[PATCH] D145687: [BOLT] Add minimal RISC-V 64-bit support
Job Noorman via Phabricator via llvm-commits
llvm-commits at lists.llvm.org
Tue Mar 28 01:51:17 PDT 2023
jobnoorman added inline comments.
================
Comment at: bolt/lib/Rewrite/RewriteInstance.cpp:2642
+ RelSymbol->getObject()->section_end()) {
+ auto *Symbol = BC->getOrCreateUndefinedGlobalSymbol(SymbolName);
+ ContainingBF->addRelocation(Rel.getOffset(), Symbol, Rel.getType(), 0,
----------------
rafauler wrote:
> jobnoorman wrote:
> > rafauler wrote:
> > > I'm probably not getting the full picture here, so correct my thinking below.
> > >
> > > So, if I understand correctly, you have an ABS __global_pointer$ symbol that points outside any section that BOLT has loaded (otherwise ReferencedSection wouldn't be null here). Therefore, BOLT won't change the location of this symbol (if it is pointing to some unknown region of memory that is not covered by any section known by BC->getSectionForAddress(SymbolAddress).
> > >
> > > So why register this reloc, if we are not changing this symbol? We will arrive at link step and RuntimeDyld will resolve this unknown symbol to zero, no? How do we know the correct value of this symbol?
> > >
> > > If we don't create the relocation here (with addRelocation), we will disassemble the original code that is already patched with the correct value for this symbol -- at least for X86. For RISC, this is harder to do if the real address is split in different instructions, and we don't have the luxury of ignoring the relocation. So my feeling is that, at the very least, this code is RISC-only, but you didn't protect this code from running in the X86 backend.
> > Thanks for the extensive review!
> >
> > > So, if I understand correctly, you have an ABS __global_pointer$ symbol that points outside any section that BOLT has loaded (otherwise ReferencedSection wouldn't be null here). Therefore, BOLT won't change the location of this symbol (if it is pointing to some unknown region of memory that is not covered by any section known by BC->getSectionForAddress(SymbolAddress).
> >
> > Correct. Except that `__global_pointer$` should be handled even if it happens to point to a section. I'll look into a way to fix this.
> >
> > > So why register this reloc, if we are not changing this symbol? We will arrive at link step and RuntimeDyld will resolve this unknown symbol to zero, no? How do we know the correct value of this symbol?
> >
> > The current behavior of this patch is that `__global_pointer$` keeps its original value. I just noticed that this works kind of accidentally because symbols that don't reference a section are registered for "pretty printing" [here](https://github.com/llvm/llvm-project/blob/9580bebd47808b58f8ab833d71d2d38976caa9b8/bolt/lib/Rewrite/RewriteInstance.cpp#L1041-L1048).
> >
> > Now, whether this is correct or not is a good question. The linker is supposed to pick the value for `__global_pointer$` when performing [Global-pointer relaxation](https://github.com/riscv-non-isa/riscv-elf-psabi-doc/blob/master/riscv-elf.adoc#global-pointer-relaxation).
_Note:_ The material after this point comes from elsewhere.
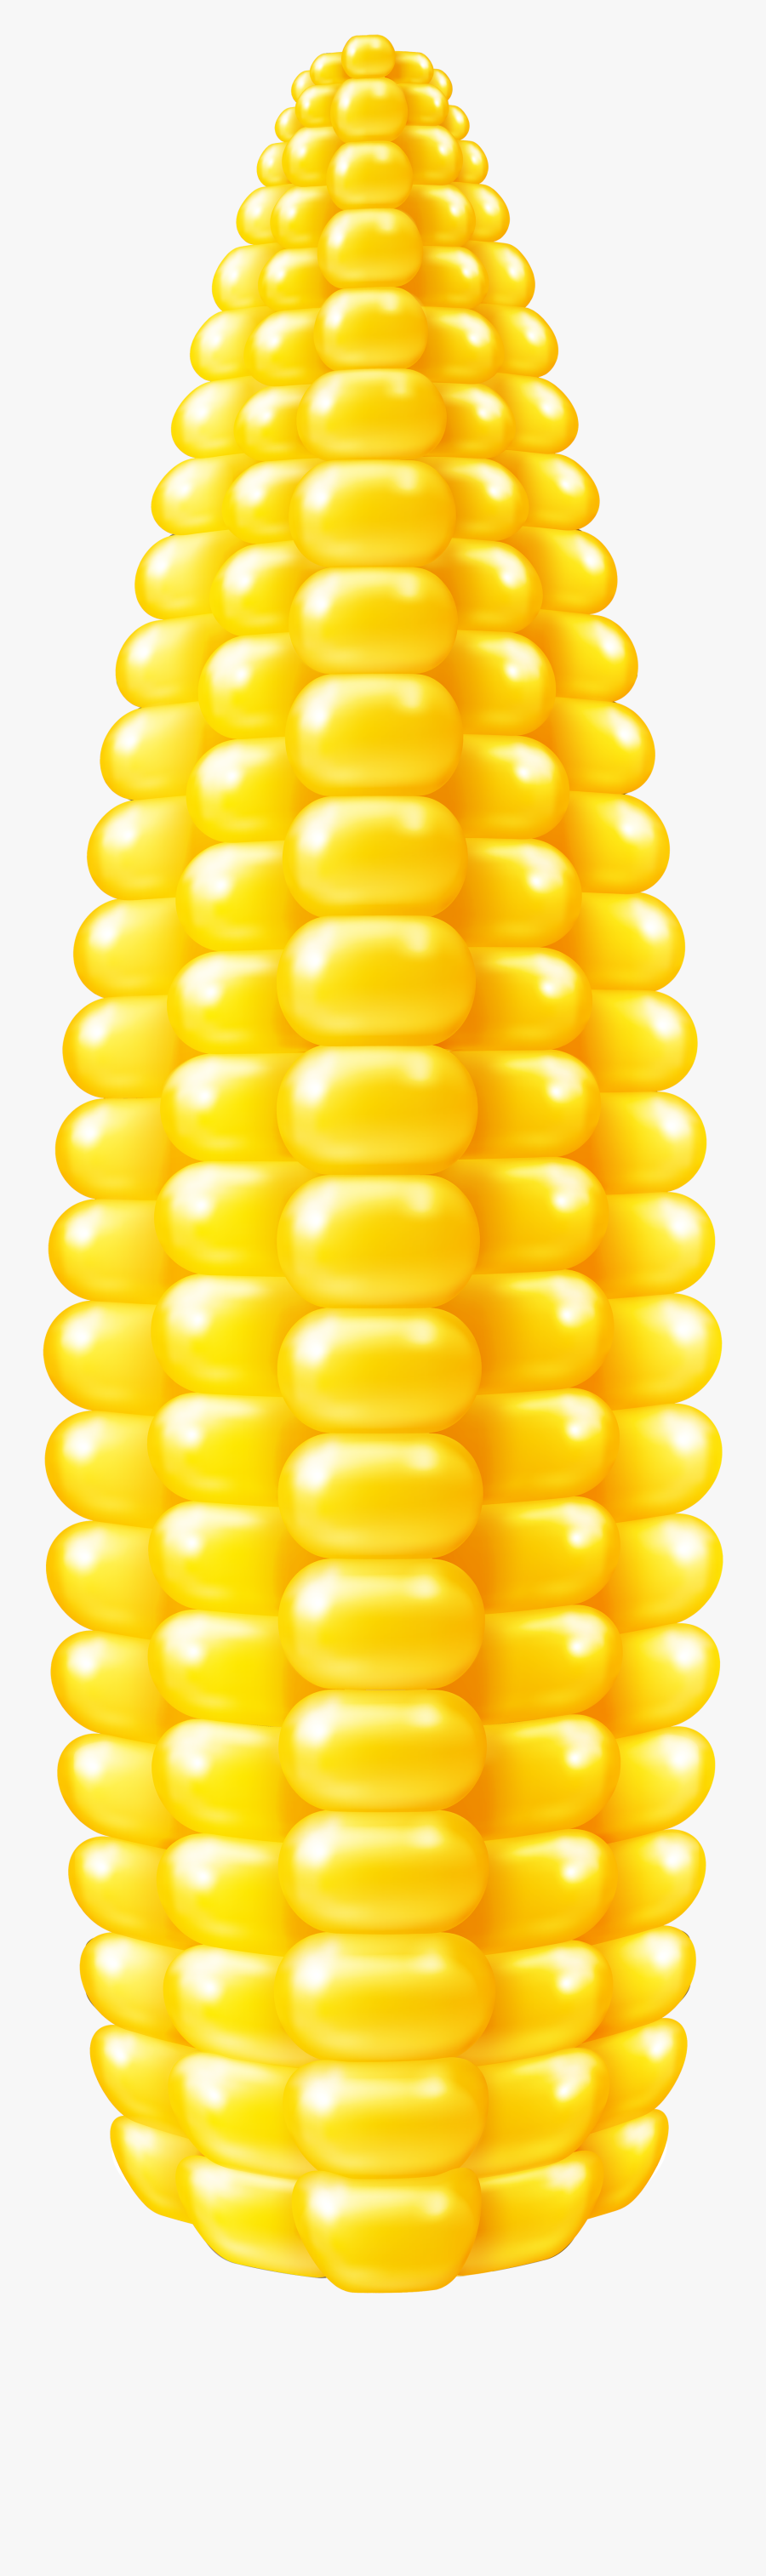 Png Clip Art Image - Cartoon Corn On The Cob Clipart, Transparent Clipart

Since linker relaxation is not addressed by this patch (`-Wl,--no-relax` is currently mandatory to use it), I don't have an answer to this question yet. (*)
> >
> > > If we don't create the relocation here (with addRelocation), we will disassemble the original code that is already patched with the correct value for this symbol -- at least for X86. For RISC, this is harder to do if the real address is split in different instructions, and we don't have the luxury of ignoring the relocation.
> >
> > The problem is that the relocation against `__global_pointer$` is typically used by a PC-relative code sequence like this (copied from the link above):
> >
> > ```
> > 1: auipc gp, %pcrel_hi(__global_pointer$) # R_RISCV_HI20
> > addi gp, gp, %pcrel_lo(1b) # R_RISCV_LO12_I
> > ```
> >
> > So even though we don't change the value of `__global_pointer$`, the location of this code sequence *can* change and hence the immediate values in it need to be patched again. Therefore, I think adding this relocation is necessary.
> >
> > > So my feeling is that, at the very least, this code is RISC-only, but you didn't protect this code from running in the X86 backend.
> >
> > I think it's true this code will currently only ever get triggered on RISC-V and I don't mind protecting it as such. However, do you think it will do the wrong thing for an X86 binary containing an ABS symbol? If not, it might make sense to not protect this code to reduce the number of target-specific code paths.
> >
> > (*) The fact that we don't support linker relaxation yet got me thinking about whether we could skip handling of `__global_pointer$` altogether in this patch. This should work in principle since the only place it's used in the binaries I've tested is during the initialization of `gp` in GCC's startup routines; `gp` is never actually read from in the rest of the binary. The problem is that we then should also ignore the second relocation (R_RISCV_LO12_I) in the example above or else RuntimeDyld gets angry. It feels like any way to filter-out this particular case of R_RISCV_LO12_I would be quite hacky so it will probably be preferable to not do this. I'll look into it though.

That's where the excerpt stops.